Brief:
Below is some data. Retype exactly the lines starting at the one with "Hopewell Dental PC" and ending at the one with "中国电子口岸数据中心大连分中心新入企业情况登记表".
- - - -
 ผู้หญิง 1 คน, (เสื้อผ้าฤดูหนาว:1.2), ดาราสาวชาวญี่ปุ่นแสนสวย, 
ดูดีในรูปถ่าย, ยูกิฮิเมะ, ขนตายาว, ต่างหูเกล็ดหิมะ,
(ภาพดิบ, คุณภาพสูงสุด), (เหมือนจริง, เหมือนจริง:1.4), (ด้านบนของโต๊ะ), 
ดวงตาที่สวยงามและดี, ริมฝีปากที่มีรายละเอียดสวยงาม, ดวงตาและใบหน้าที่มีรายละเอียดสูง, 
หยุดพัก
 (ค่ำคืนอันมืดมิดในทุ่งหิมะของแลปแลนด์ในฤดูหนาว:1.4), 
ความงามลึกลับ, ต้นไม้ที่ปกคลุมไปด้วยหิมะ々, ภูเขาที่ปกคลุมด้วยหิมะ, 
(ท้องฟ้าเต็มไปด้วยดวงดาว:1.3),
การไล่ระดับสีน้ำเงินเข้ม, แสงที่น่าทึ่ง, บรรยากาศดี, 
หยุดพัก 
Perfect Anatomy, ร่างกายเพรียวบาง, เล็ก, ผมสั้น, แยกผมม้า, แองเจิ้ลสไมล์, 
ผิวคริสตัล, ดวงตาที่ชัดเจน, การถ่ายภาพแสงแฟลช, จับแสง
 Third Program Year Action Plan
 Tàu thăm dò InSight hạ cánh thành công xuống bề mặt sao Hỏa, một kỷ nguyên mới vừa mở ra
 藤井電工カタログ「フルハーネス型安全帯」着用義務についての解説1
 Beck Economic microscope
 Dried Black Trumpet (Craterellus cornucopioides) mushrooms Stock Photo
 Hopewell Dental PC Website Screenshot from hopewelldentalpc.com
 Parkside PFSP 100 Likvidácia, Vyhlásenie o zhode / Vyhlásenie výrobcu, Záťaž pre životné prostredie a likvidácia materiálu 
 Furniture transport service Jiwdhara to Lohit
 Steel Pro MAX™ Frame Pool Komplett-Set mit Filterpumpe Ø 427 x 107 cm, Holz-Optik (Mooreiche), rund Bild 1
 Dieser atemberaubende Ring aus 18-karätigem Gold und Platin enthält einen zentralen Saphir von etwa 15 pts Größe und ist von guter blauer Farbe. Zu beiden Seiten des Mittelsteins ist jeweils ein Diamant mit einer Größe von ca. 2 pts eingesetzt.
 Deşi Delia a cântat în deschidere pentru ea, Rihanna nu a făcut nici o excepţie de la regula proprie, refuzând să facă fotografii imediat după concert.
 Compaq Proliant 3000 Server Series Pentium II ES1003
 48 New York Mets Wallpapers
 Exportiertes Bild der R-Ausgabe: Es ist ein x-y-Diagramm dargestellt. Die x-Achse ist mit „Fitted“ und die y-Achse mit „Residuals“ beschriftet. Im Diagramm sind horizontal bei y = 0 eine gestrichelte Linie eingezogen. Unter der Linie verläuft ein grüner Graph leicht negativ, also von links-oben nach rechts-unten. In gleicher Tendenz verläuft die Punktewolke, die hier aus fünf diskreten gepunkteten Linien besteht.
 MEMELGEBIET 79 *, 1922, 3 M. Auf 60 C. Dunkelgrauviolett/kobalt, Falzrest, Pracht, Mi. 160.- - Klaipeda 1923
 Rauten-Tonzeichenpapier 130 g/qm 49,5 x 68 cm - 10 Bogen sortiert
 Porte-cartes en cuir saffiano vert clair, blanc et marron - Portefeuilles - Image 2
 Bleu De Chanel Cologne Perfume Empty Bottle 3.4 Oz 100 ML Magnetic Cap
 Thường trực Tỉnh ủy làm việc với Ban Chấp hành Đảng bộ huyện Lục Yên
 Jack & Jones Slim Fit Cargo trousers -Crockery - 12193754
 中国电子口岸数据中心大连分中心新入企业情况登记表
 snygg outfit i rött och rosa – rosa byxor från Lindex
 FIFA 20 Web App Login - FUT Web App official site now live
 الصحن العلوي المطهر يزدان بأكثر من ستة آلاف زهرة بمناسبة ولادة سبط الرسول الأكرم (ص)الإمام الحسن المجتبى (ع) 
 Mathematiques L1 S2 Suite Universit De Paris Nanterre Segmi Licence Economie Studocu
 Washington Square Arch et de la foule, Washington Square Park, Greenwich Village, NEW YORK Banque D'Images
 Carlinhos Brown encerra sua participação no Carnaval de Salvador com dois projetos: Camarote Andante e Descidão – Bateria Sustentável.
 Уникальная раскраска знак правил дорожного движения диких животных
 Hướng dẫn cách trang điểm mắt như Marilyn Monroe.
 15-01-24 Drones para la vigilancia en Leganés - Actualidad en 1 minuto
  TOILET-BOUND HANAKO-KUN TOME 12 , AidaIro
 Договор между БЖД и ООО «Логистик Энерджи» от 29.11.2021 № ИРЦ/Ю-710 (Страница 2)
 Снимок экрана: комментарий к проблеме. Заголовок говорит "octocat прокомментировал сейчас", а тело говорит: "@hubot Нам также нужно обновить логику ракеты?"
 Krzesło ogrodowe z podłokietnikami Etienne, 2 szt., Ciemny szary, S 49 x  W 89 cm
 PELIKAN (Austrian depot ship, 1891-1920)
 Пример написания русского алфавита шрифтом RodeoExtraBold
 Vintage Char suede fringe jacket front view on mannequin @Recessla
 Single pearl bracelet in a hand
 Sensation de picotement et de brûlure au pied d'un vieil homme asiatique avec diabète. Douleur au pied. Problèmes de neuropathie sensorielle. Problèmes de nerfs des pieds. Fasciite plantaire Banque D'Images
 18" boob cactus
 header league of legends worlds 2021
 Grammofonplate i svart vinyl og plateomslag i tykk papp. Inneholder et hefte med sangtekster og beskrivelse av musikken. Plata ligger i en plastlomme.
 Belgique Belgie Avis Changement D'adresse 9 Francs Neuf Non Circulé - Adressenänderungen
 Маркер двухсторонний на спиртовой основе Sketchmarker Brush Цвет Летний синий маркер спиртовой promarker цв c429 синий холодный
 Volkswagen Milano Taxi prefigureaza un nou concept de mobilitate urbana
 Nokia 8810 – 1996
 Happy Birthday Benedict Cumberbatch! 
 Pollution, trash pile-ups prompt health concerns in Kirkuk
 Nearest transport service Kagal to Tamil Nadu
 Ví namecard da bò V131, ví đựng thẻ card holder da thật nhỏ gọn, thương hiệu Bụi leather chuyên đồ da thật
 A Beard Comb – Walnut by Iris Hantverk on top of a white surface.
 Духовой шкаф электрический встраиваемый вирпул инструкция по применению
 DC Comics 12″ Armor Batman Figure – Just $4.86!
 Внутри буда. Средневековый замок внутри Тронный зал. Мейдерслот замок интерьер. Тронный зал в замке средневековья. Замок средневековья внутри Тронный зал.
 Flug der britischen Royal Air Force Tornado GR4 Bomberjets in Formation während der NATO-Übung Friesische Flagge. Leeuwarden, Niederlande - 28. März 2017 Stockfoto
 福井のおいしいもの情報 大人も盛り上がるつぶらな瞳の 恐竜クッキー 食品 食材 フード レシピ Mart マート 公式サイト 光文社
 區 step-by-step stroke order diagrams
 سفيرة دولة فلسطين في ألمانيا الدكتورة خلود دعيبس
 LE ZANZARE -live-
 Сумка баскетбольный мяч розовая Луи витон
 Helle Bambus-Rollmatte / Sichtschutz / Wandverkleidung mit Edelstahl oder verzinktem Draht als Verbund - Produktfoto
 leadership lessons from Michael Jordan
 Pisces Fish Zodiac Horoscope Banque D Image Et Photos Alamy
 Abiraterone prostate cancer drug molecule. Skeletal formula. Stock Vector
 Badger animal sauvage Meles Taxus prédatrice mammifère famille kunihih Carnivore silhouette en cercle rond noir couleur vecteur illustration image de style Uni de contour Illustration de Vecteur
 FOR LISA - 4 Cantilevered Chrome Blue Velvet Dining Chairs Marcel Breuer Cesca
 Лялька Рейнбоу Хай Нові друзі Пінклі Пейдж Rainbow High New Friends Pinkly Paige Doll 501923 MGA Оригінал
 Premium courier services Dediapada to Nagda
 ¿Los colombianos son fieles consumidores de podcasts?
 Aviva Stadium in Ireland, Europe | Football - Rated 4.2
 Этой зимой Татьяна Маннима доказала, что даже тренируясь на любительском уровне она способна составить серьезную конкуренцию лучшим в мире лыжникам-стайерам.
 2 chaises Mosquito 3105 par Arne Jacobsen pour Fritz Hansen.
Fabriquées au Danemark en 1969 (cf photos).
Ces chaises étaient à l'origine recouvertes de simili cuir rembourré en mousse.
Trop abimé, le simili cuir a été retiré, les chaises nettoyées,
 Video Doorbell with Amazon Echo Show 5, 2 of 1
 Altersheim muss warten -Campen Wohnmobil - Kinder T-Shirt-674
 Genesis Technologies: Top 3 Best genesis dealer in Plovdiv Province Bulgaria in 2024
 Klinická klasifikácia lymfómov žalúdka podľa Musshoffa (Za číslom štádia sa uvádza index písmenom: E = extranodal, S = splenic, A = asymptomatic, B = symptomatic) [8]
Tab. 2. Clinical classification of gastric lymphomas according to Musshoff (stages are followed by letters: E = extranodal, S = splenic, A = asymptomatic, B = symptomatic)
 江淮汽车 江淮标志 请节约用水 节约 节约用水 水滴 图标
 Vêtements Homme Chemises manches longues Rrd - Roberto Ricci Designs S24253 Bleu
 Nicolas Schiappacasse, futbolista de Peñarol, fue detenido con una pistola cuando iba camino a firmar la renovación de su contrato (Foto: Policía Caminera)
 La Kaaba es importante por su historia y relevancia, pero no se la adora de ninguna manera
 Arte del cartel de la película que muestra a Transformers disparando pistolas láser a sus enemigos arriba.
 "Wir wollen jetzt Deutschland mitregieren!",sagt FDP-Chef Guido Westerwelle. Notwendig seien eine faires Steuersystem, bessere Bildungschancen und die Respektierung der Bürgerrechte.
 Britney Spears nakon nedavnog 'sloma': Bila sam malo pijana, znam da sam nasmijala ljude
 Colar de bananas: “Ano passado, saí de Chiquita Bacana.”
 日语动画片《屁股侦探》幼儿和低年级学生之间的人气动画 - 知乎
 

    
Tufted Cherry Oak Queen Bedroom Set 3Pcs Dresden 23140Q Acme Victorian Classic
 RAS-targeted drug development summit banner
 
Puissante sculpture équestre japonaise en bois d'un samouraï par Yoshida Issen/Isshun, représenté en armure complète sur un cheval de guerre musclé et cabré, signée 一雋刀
- - - -
Answer for the task:
 Hopewell Dental PC Website Screenshot from hopewelldentalpc.com
 Parkside PFSP 100 Likvidácia, Vyhlásenie o zhode / Vyhlásenie výrobcu, Záťaž pre životné prostredie a likvidácia materiálu 
 Furniture transport service Jiwdhara to Lohit
 Steel Pro MAX™ Frame Pool Komplett-Set mit Filterpumpe Ø 427 x 107 cm, Holz-Optik (Mooreiche), rund Bild 1
 Dieser atemberaubende Ring aus 18-karätigem Gold und Platin enthält einen zentralen Saphir von etwa 15 pts Größe und ist von guter blauer Farbe. Zu beiden Seiten des Mittelsteins ist jeweils ein Diamant mit einer Größe von ca. 2 pts eingesetzt.
 Deşi Delia a cântat în deschidere pentru ea, Rihanna nu a făcut nici o excepţie de la regula proprie, refuzând să facă fotografii imediat după concert.
 Compaq Proliant 3000 Server Series Pentium II ES1003
 48 New York Mets Wallpapers
 Exportiertes Bild der R-Ausgabe: Es ist ein x-y-Diagramm dargestellt. Die x-Achse ist mit „Fitted“ und die y-Achse mit „Residuals“ beschriftet. Im Diagramm sind horizontal bei y = 0 eine gestrichelte Linie eingezogen. Unter der Linie verläuft ein grüner Graph leicht negativ, also von links-oben nach rechts-unten. In gleicher Tendenz verläuft die Punktewolke, die hier aus fünf diskreten gepunkteten Linien besteht.
 MEMELGEBIET 79 *, 1922, 3 M. Auf 60 C. Dunkelgrauviolett/kobalt, Falzrest, Pracht, Mi. 160.- - Klaipeda 1923
 Rauten-Tonzeichenpapier 130 g/qm 49,5 x 68 cm - 10 Bogen sortiert
 Porte-cartes en cuir saffiano vert clair, blanc et marron - Portefeuilles - Image 2
 Bleu De Chanel Cologne Perfume Empty Bottle 3.4 Oz 100 ML Magnetic Cap
 Thường trực Tỉnh ủy làm việc với Ban Chấp hành Đảng bộ huyện Lục Yên
 Jack & Jones Slim Fit Cargo trousers -Crockery - 12193754
 中国电子口岸数据中心大连分中心新入企业情况登记表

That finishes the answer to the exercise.